#### Data for analysis:
◇ ◇ ◇ ◇ ◇ ◇ ◇

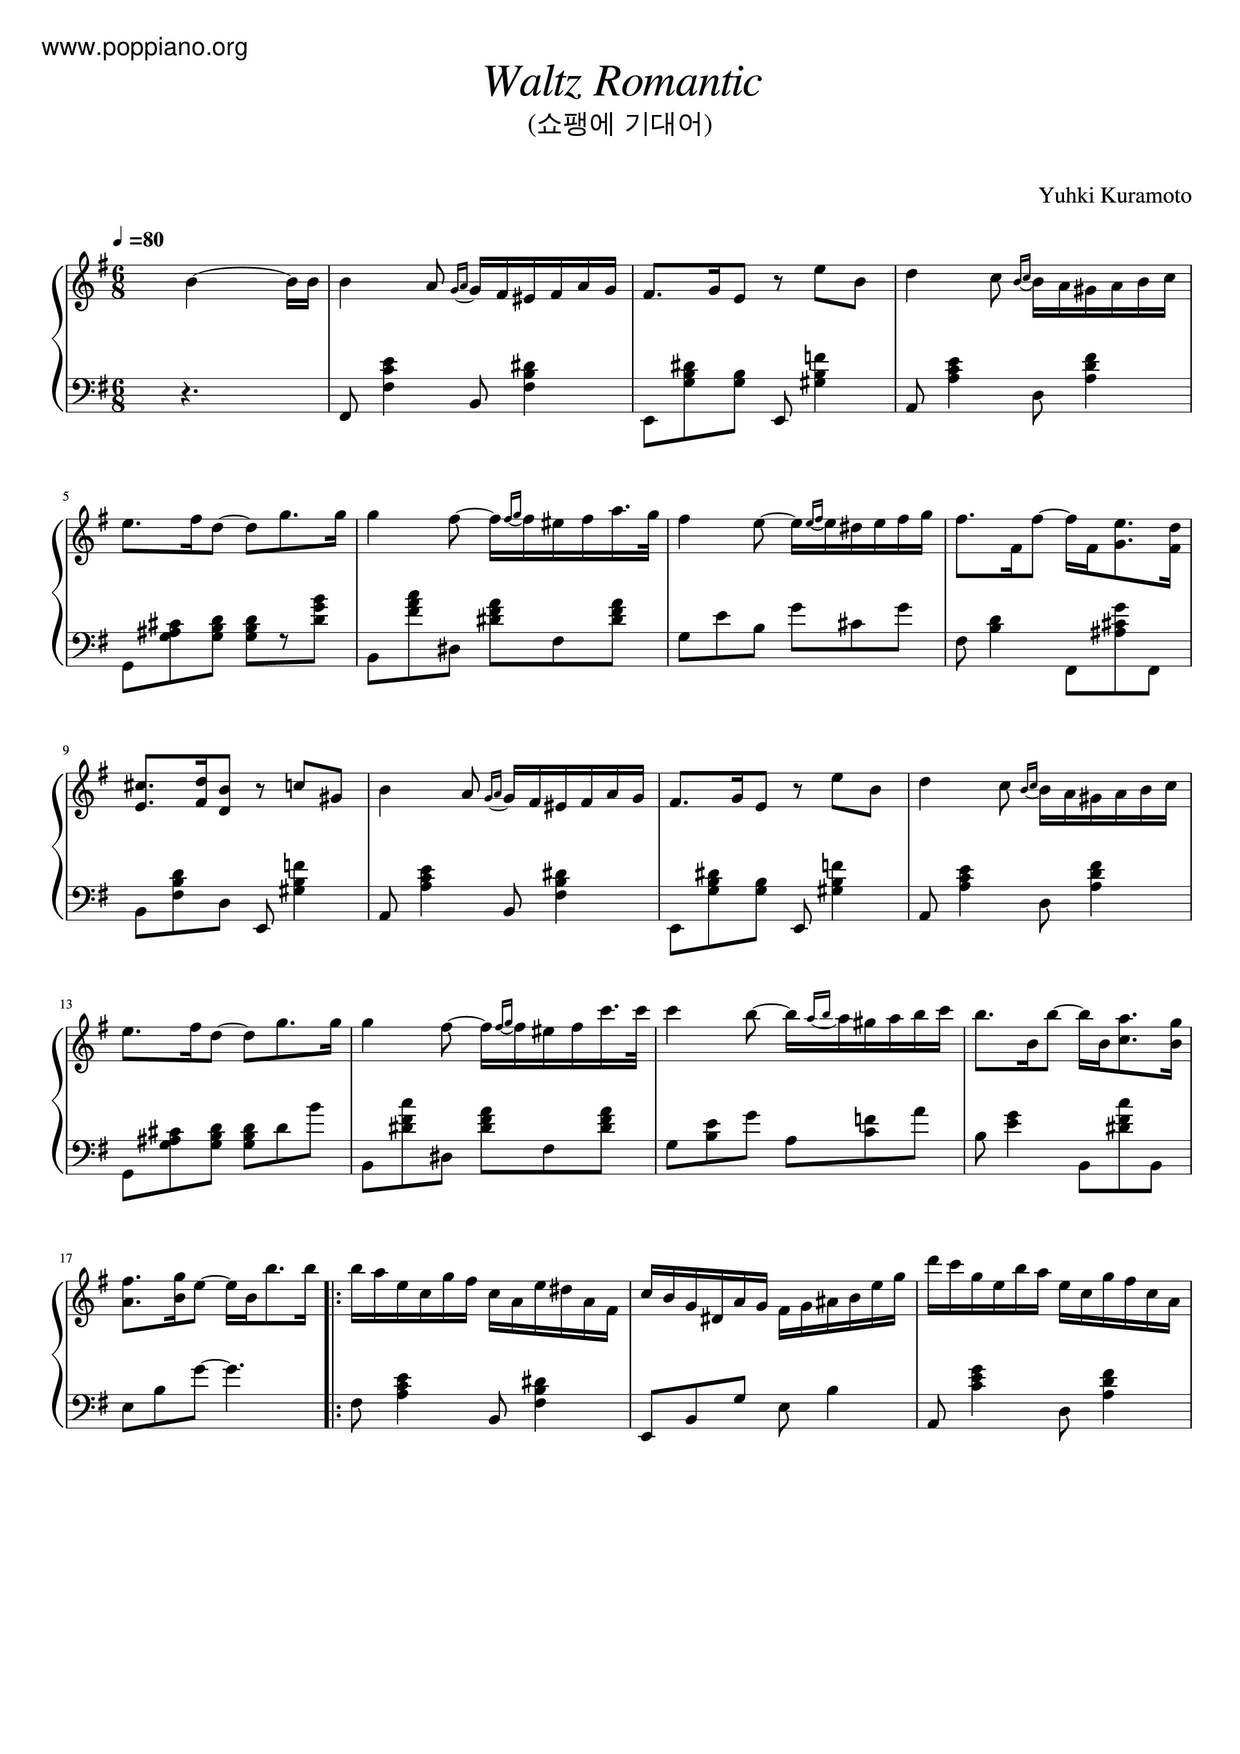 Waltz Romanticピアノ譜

◇ ◇ ◇ ◇ ◇ ◇ ◇

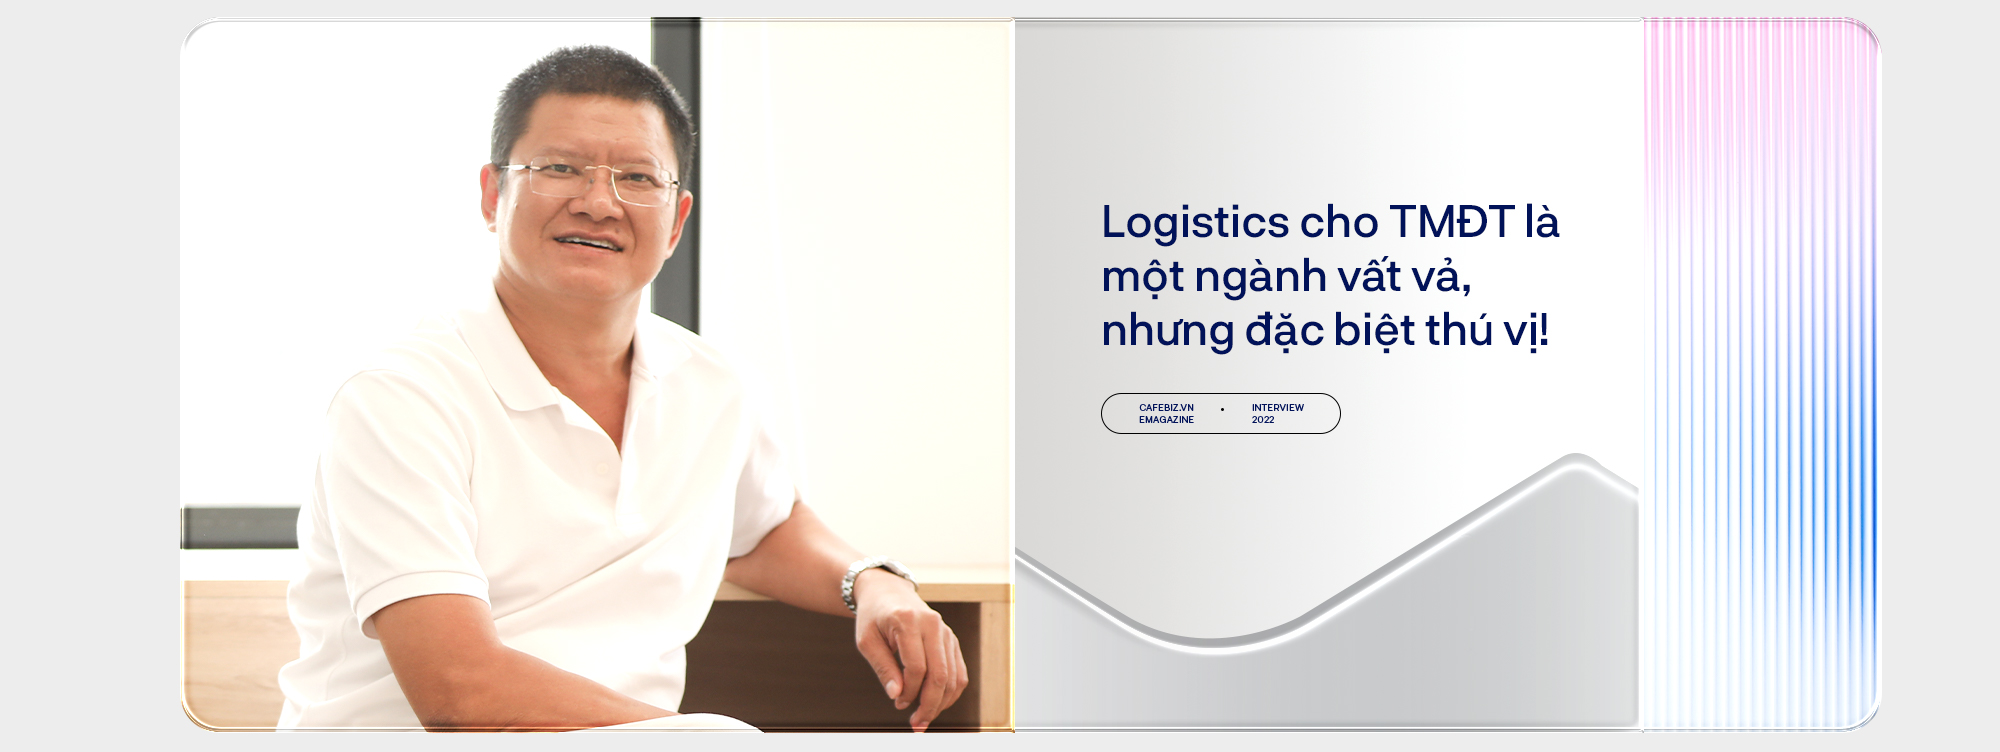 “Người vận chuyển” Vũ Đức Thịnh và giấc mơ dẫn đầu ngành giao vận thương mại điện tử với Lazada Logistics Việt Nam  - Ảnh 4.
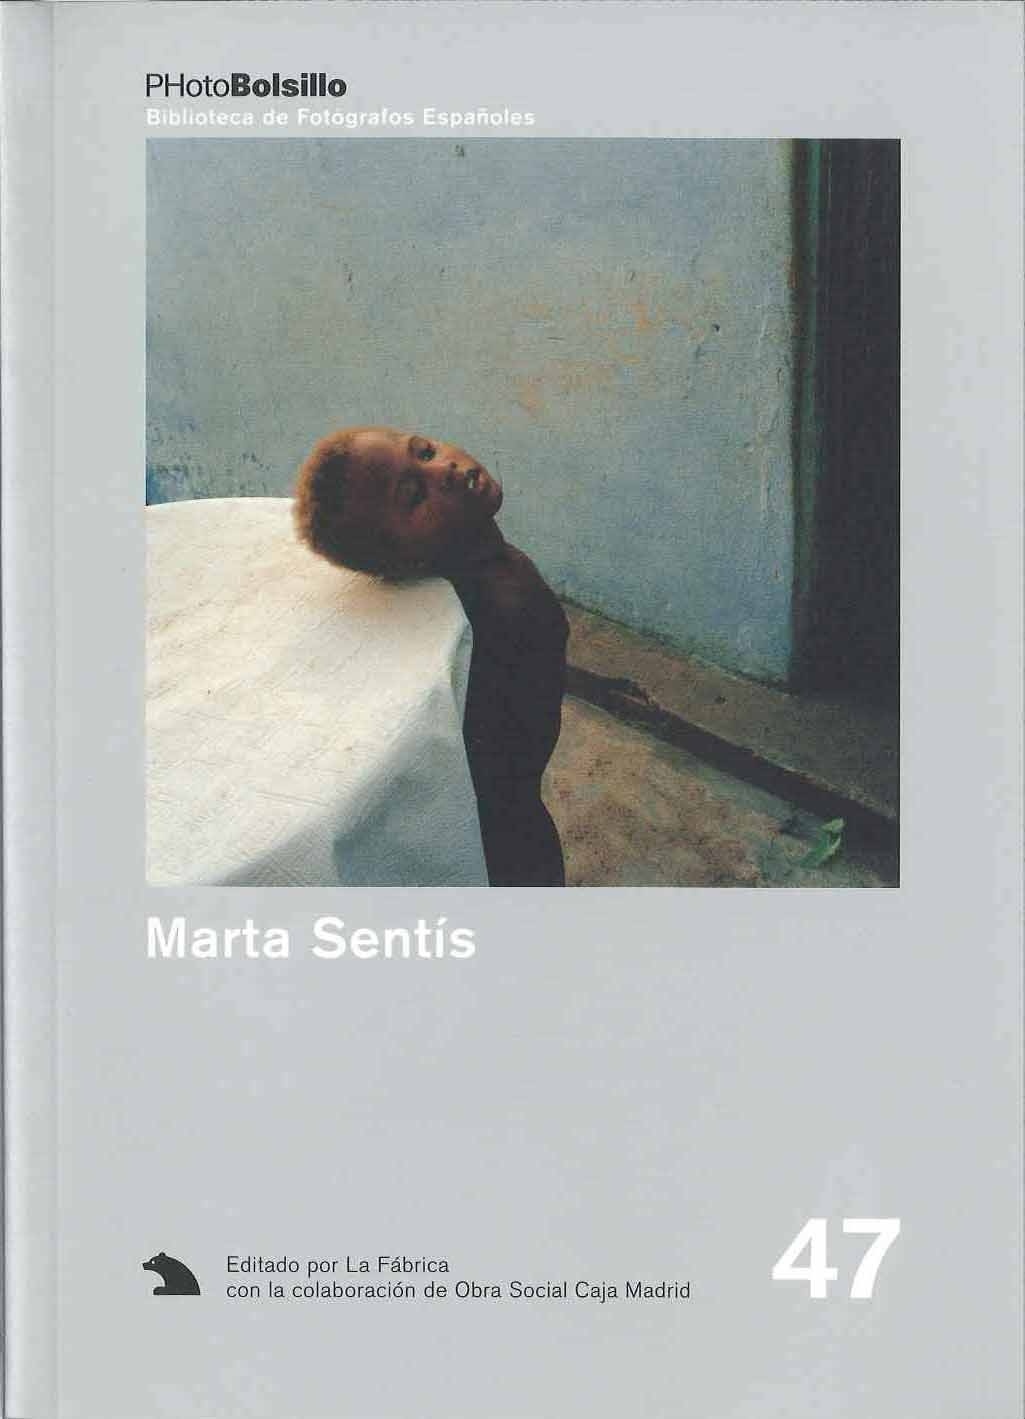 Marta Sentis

◇ ◇ ◇ ◇ ◇ ◇ ◇

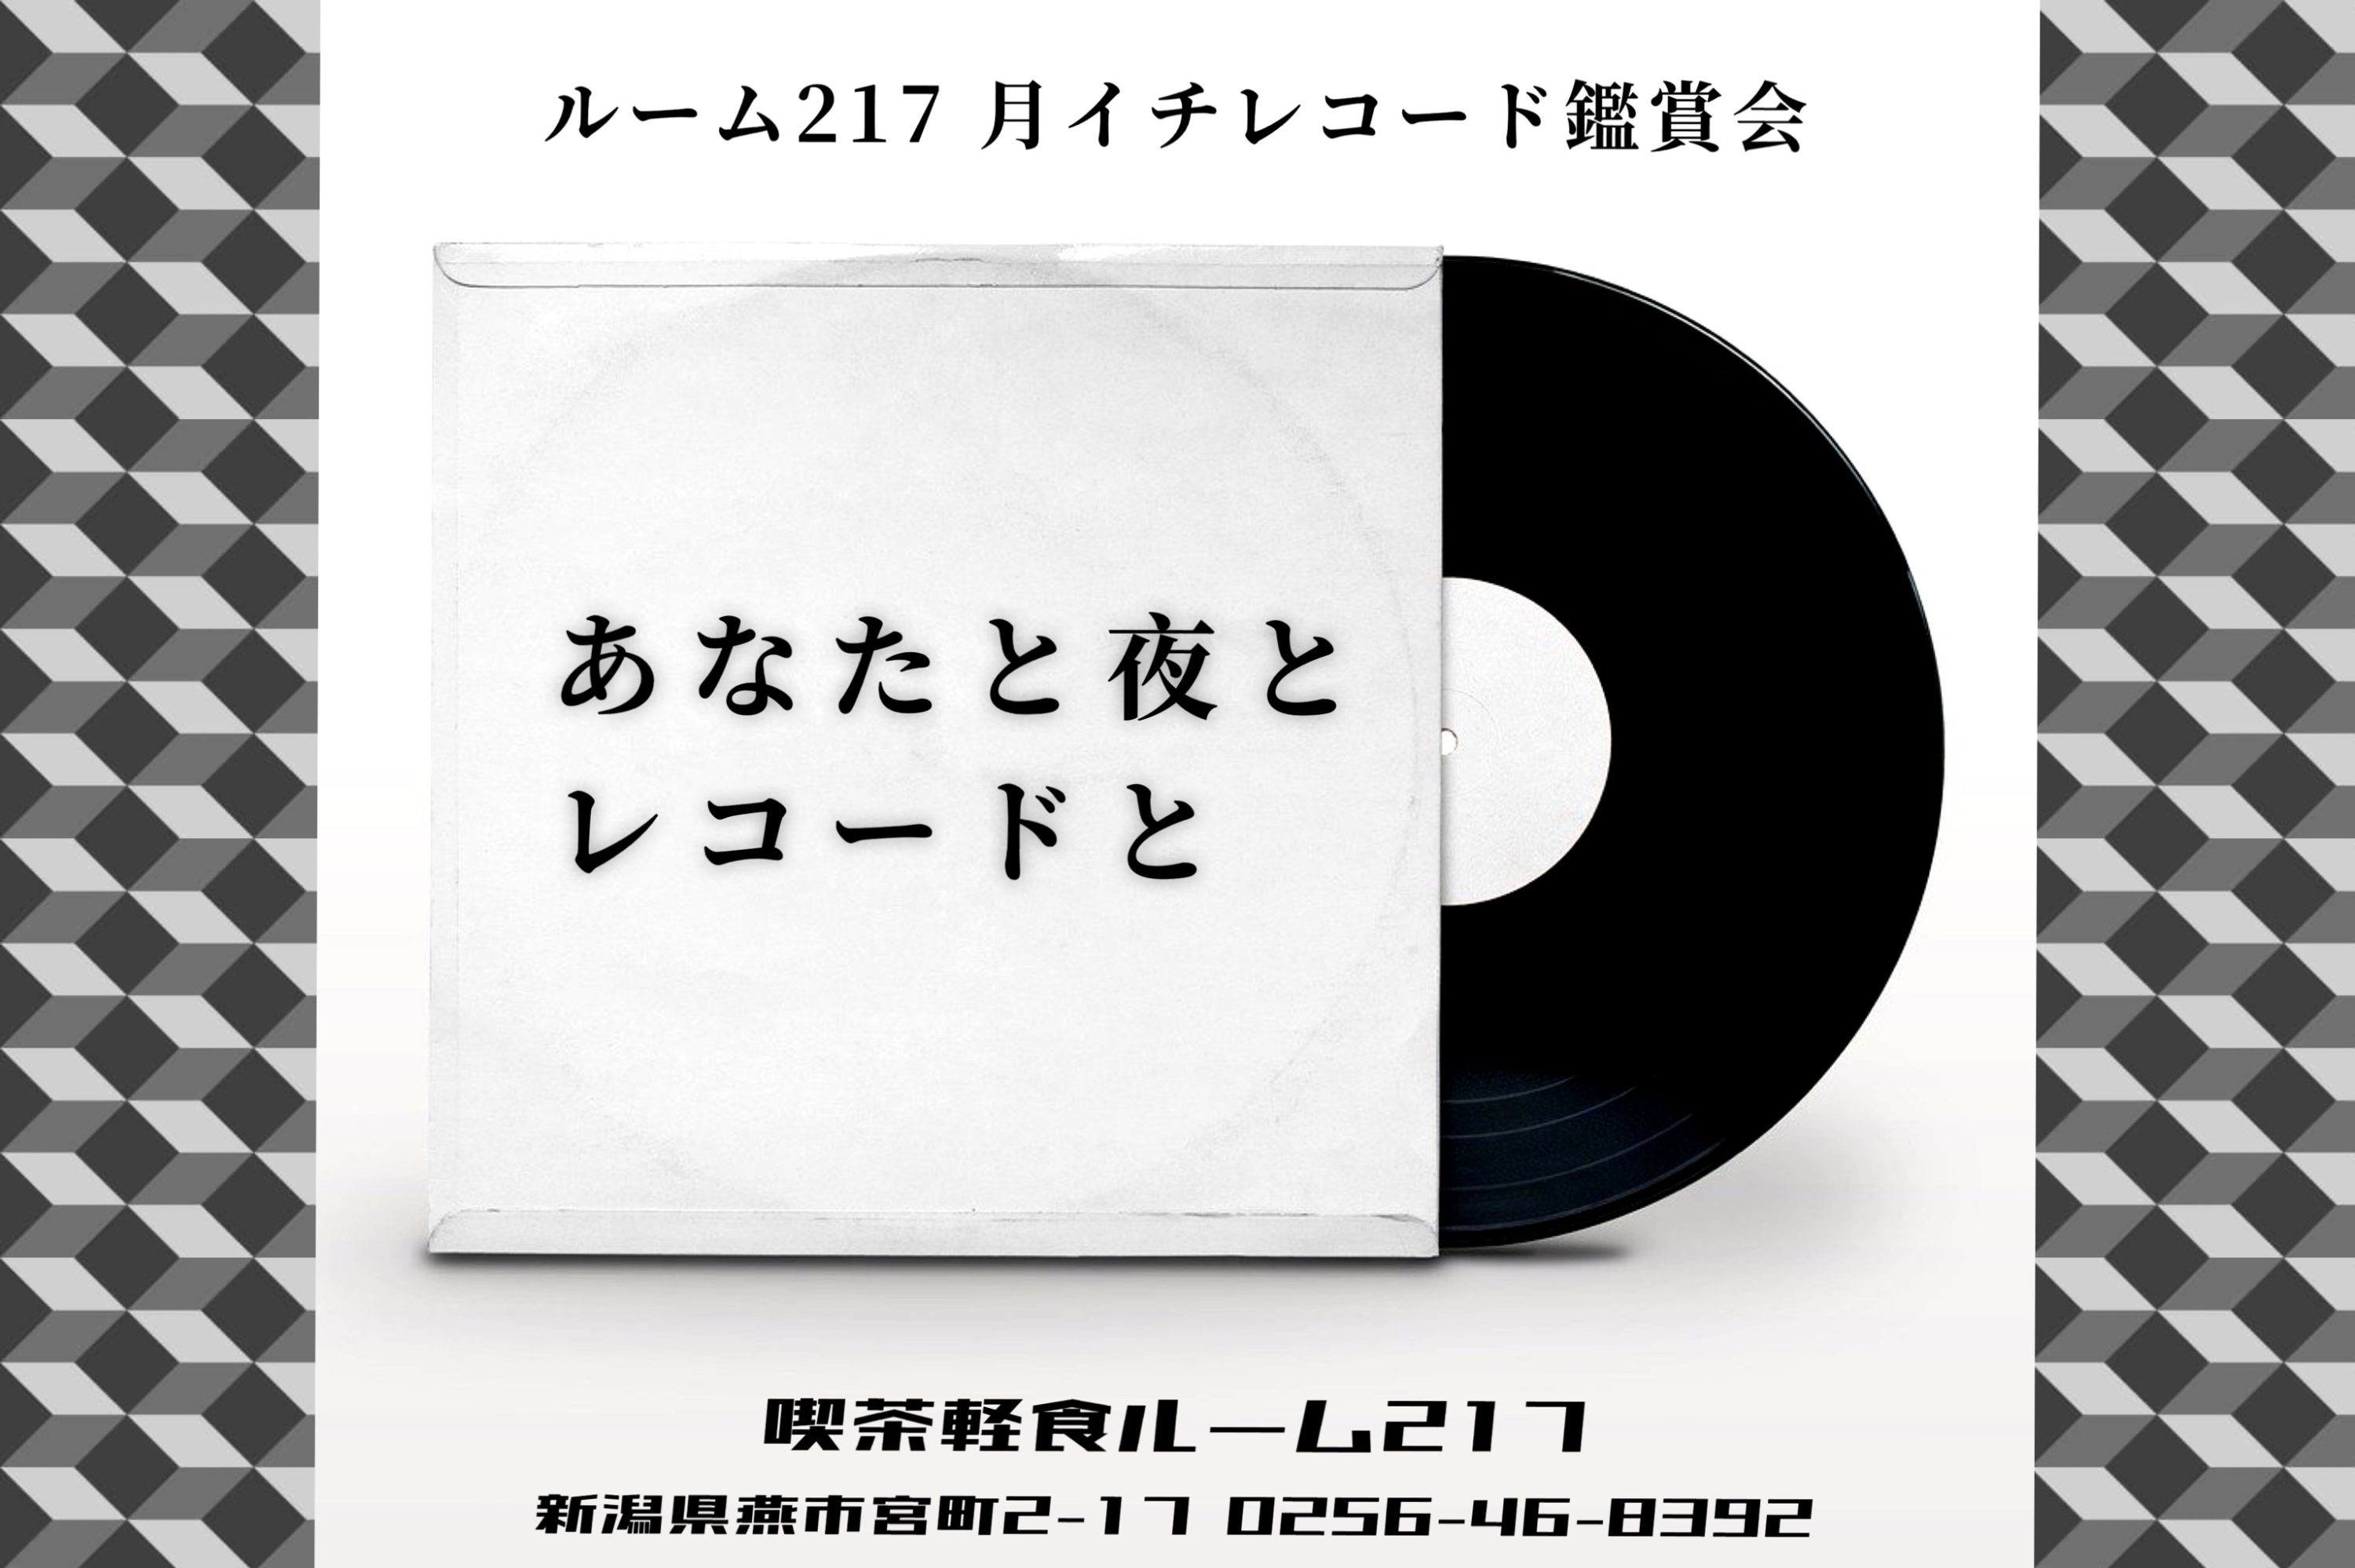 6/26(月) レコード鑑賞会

◇ ◇ ◇ ◇ ◇ ◇ ◇

#### Task:
Given the entries above, transcribe exactly the lines from the one holding "Vũ Đức Thịnh" through the one holding "Marta Sentis"; pictures do not belong in the transcription.

#### Response box:
 “Người vận chuyển” Vũ Đức Thịnh và giấc mơ dẫn đầu ngành giao vận thương mại điện tử với Lazada Logistics Việt Nam  - Ảnh 4.
 Marta Sentis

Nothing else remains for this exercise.